[Saved data entries]

BEGIN

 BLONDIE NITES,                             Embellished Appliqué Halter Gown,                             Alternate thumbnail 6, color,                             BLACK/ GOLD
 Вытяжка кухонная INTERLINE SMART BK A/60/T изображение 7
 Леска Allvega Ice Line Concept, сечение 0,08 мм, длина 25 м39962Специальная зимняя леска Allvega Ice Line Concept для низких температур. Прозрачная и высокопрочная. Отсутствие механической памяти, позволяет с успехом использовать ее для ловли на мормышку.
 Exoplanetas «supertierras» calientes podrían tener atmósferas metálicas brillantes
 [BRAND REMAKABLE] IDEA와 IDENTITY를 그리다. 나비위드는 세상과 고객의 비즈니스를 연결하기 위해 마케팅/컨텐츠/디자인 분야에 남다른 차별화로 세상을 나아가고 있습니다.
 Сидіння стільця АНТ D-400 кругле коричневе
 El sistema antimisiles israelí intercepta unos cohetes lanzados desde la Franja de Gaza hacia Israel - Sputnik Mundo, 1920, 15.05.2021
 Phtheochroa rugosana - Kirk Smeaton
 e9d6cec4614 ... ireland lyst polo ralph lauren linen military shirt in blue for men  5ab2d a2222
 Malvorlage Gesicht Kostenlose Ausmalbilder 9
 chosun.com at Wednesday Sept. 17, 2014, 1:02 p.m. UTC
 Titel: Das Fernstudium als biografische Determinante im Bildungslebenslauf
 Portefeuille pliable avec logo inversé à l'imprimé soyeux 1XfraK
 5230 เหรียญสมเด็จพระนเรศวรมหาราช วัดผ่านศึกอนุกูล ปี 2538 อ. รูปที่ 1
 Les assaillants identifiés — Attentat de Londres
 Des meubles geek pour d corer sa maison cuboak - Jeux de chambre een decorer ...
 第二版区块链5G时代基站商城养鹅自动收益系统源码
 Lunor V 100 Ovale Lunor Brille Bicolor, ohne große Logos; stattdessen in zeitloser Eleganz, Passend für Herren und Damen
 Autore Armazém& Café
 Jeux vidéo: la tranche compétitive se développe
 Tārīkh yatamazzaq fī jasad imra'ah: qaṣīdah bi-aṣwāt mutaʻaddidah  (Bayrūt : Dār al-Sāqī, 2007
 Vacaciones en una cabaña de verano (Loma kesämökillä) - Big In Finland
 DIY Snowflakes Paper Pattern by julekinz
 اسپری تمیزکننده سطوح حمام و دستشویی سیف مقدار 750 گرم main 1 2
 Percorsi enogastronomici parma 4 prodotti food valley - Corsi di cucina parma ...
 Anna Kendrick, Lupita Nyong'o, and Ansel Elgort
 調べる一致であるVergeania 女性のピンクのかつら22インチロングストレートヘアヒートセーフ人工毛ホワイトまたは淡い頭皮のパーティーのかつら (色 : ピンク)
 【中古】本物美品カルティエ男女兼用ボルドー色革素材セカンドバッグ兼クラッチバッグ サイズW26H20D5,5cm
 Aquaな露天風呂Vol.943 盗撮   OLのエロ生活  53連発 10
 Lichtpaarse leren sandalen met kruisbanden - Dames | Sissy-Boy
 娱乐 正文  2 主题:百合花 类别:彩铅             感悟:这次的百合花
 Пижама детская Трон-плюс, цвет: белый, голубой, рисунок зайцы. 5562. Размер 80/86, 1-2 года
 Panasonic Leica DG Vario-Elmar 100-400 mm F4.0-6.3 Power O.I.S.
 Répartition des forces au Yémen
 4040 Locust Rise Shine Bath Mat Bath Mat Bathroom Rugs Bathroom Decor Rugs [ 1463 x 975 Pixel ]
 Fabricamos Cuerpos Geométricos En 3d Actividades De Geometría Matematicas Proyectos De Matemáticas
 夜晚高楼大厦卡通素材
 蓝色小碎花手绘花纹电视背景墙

END

What the task requires: Set every entry down once more, exactly as written above.

Solved exercise:
 BLONDIE NITES,                             Embellished Appliqué Halter Gown,                             Alternate thumbnail 6, color,                             BLACK/ GOLD
 Вытяжка кухонная INTERLINE SMART BK A/60/T изображение 7
 Леска Allvega Ice Line Concept, сечение 0,08 мм, длина 25 м39962Специальная зимняя леска Allvega Ice Line Concept для низких температур. Прозрачная и высокопрочная. Отсутствие механической памяти, позволяет с успехом использовать ее для ловли на мормышку.
 Exoplanetas «supertierras» calientes podrían tener atmósferas metálicas brillantes
 [BRAND REMAKABLE] IDEA와 IDENTITY를 그리다. 나비위드는 세상과 고객의 비즈니스를 연결하기 위해 마케팅/컨텐츠/디자인 분야에 남다른 차별화로 세상을 나아가고 있습니다.
 Сидіння стільця АНТ D-400 кругле коричневе
 El sistema antimisiles israelí intercepta unos cohetes lanzados desde la Franja de Gaza hacia Israel - Sputnik Mundo, 1920, 15.05.2021
 Phtheochroa rugosana - Kirk Smeaton
 e9d6cec4614 ... ireland lyst polo ralph lauren linen military shirt in blue for men  5ab2d a2222
 Malvorlage Gesicht Kostenlose Ausmalbilder 9
 chosun.com at Wednesday Sept. 17, 2014, 1:02 p.m. UTC
 Titel: Das Fernstudium als biografische Determinante im Bildungslebenslauf
 Portefeuille pliable avec logo inversé à l'imprimé soyeux 1XfraK
 5230 เหรียญสมเด็จพระนเรศวรมหาราช วัดผ่านศึกอนุกูล ปี 2538 อ. รูปที่ 1
 Les assaillants identifiés — Attentat de Londres
 Des meubles geek pour d corer sa maison cuboak - Jeux de chambre een decorer ...
 第二版区块链5G时代基站商城养鹅自动收益系统源码
 Lunor V 100 Ovale Lunor Brille Bicolor, ohne große Logos; stattdessen in zeitloser Eleganz, Passend für Herren und Damen
 Autore Armazém& Café
 Jeux vidéo: la tranche compétitive se développe
 Tārīkh yatamazzaq fī jasad imra'ah: qaṣīdah bi-aṣwāt mutaʻaddidah  (Bayrūt : Dār al-Sāqī, 2007
 Vacaciones en una cabaña de verano (Loma kesämökillä) - Big In Finland
 DIY Snowflakes Paper Pattern by julekinz
 اسپری تمیزکننده سطوح حمام و دستشویی سیف مقدار 750 گرم main 1 2
 Percorsi enogastronomici parma 4 prodotti food valley - Corsi di cucina parma ...
 Anna Kendrick, Lupita Nyong'o, and Ansel Elgort
 調べる一致であるVergeania 女性のピンクのかつら22インチロングストレートヘアヒートセーフ人工毛ホワイトまたは淡い頭皮のパーティーのかつら (色 : ピンク)
 【中古】本物美品カルティエ男女兼用ボルドー色革素材セカンドバッグ兼クラッチバッグ サイズW26H20D5,5cm
 Aquaな露天風呂Vol.943 盗撮   OLのエロ生活  53連発 10
 Lichtpaarse leren sandalen met kruisbanden - Dames | Sissy-Boy
 娱乐 正文  2 主题:百合花 类别:彩铅             感悟:这次的百合花
 Пижама детская Трон-плюс, цвет: белый, голубой, рисунок зайцы. 5562. Размер 80/86, 1-2 года
 Panasonic Leica DG Vario-Elmar 100-400 mm F4.0-6.3 Power O.I.S.
 Répartition des forces au Yémen
 4040 Locust Rise Shine Bath Mat Bath Mat Bathroom Rugs Bathroom Decor Rugs [ 1463 x 975 Pixel ]
 Fabricamos Cuerpos Geométricos En 3d Actividades De Geometría Matematicas Proyectos De Matemáticas
 夜晚高楼大厦卡通素材
 蓝色小碎花手绘花纹电视背景墙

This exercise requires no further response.